1. Construção de identidades e a consciência histórica no ensino de História

1.1. Empatia histórica no ensino da História

Em convergência com os estudos de Rüsen sobre consciência histórica no ensino da História, destacam-se os trabalhos de Peter Lee no Reino Unido, sobre consciência histórica e entendimento das ideias dos jovens sobre o passado. O pressuposto deste autor é de que os alunos precisam de compreender por que motivos as pessoas actuaram no passado de uma determinada forma e o que pensavam sobre a forma como o fizeram, mesmo que não entendam isto tão bem quanto os historiadores, sendo esta uma actividade mental que os alunos necessitam de exercitar para tornar inteligível o passado, a base para a construção da consciência histórica. Lee (2003), no seu estudo intitulado “Nós Fabricamos carros e eles tinham que andar a pé: compreensão das pessoas do passado”, salienta que “a consequência directa de os alunos não compreenderem o passado é que este se torna numa espécie de casa de gente desconhecida a fazer coisas ininteligíveis, ou então uma casa com pessoas como nós mas absurdamente tontas. É nesta perspectiva que surge o termo Empatia em História” (p.19). No artigo citado, o autor define empatia histórica – no âmbito da educação histórica - como a capacidade que os alunos têm ou devem ter em compreender as acções e práticas sociais através das ligações entre intenções, circunstâncias e acções.

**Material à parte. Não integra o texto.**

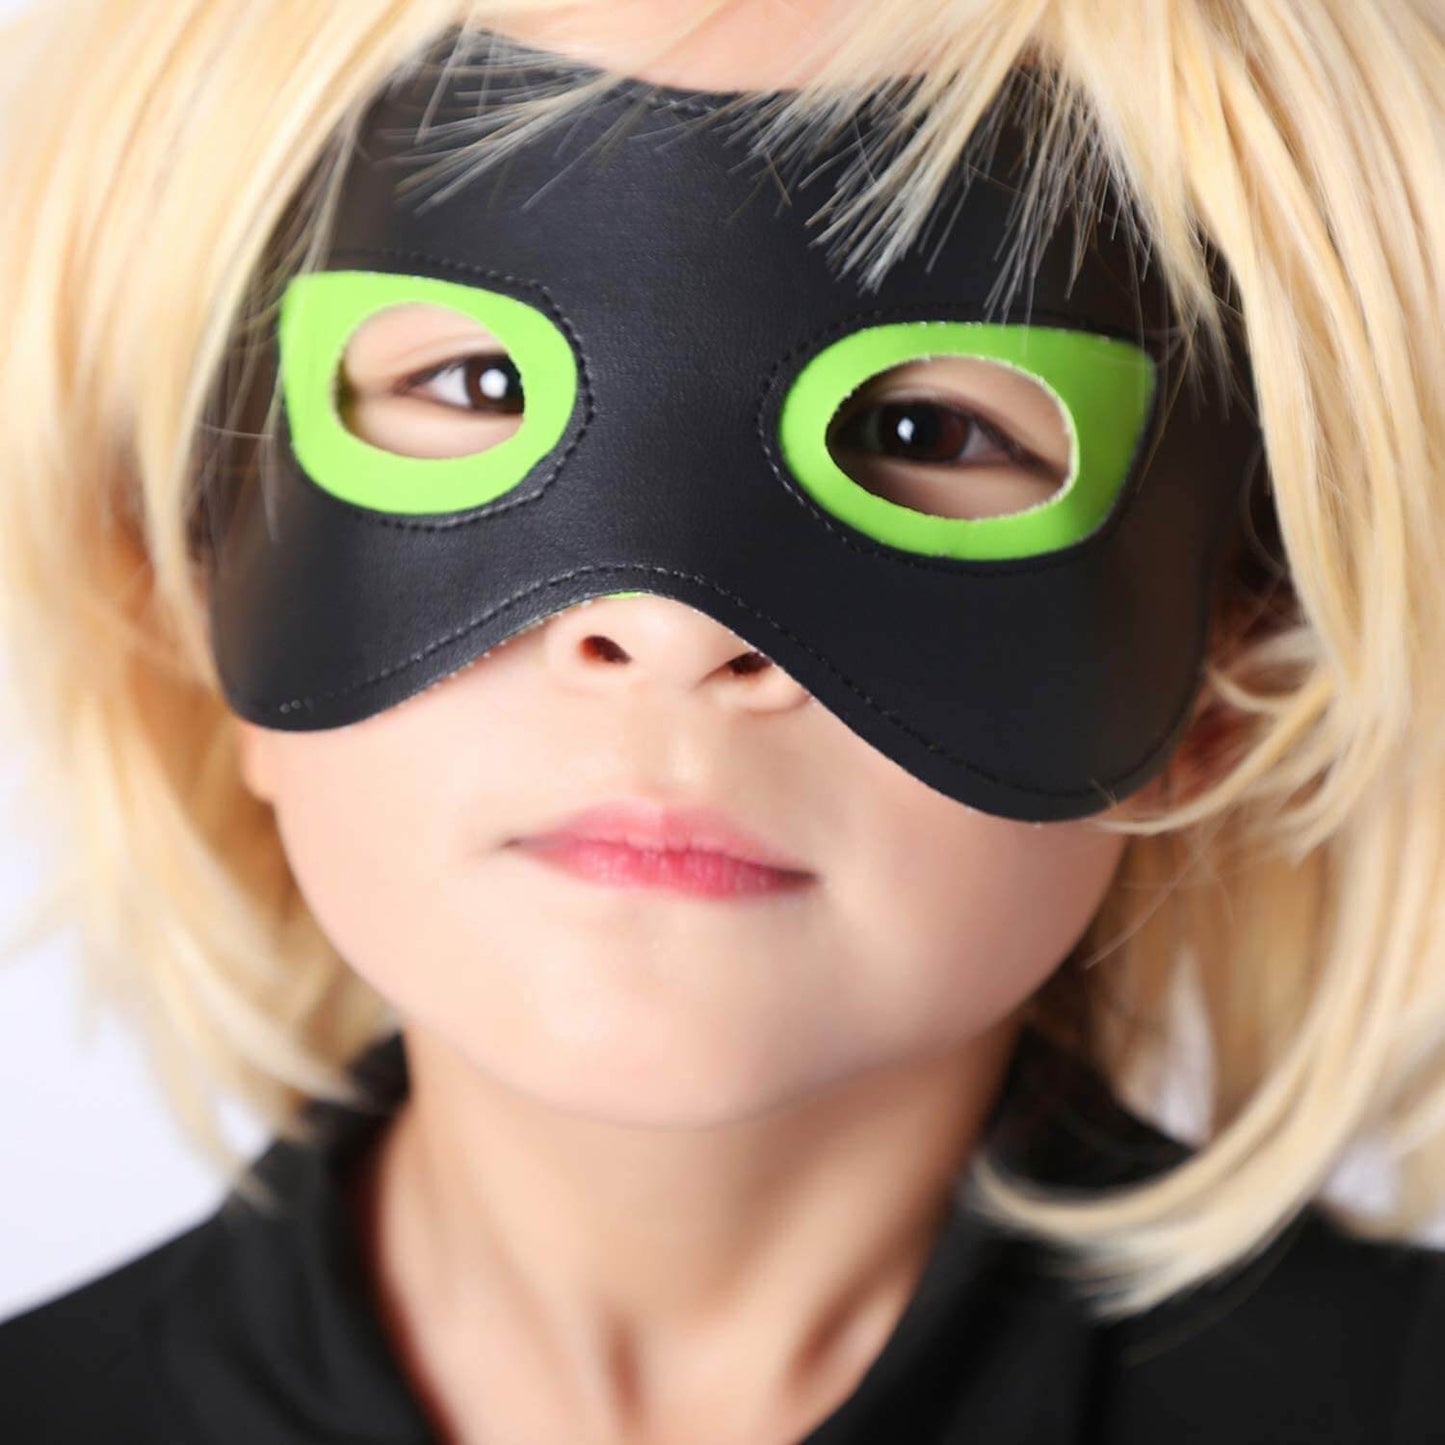 Kids Cat Noir Costume Halloween Cosplay Jumpsuit Headband Eye Mask Full Set for Boys and Grils

“Não se trata somente de os alunos saberem que os agentes ou grupos históricos tinham uma determinada perspectiva acerca do seu mundo; eles devem ser capazes de ver como é que essa perspectiva terá afectado determinadas acções em circunstâncias específicas. Isto exige o uso da evidência para estabelecerem conexões entre as situações que as pessoas se encontravam, crenças e valores e as ideias sobre o seu mundo” (p. 20).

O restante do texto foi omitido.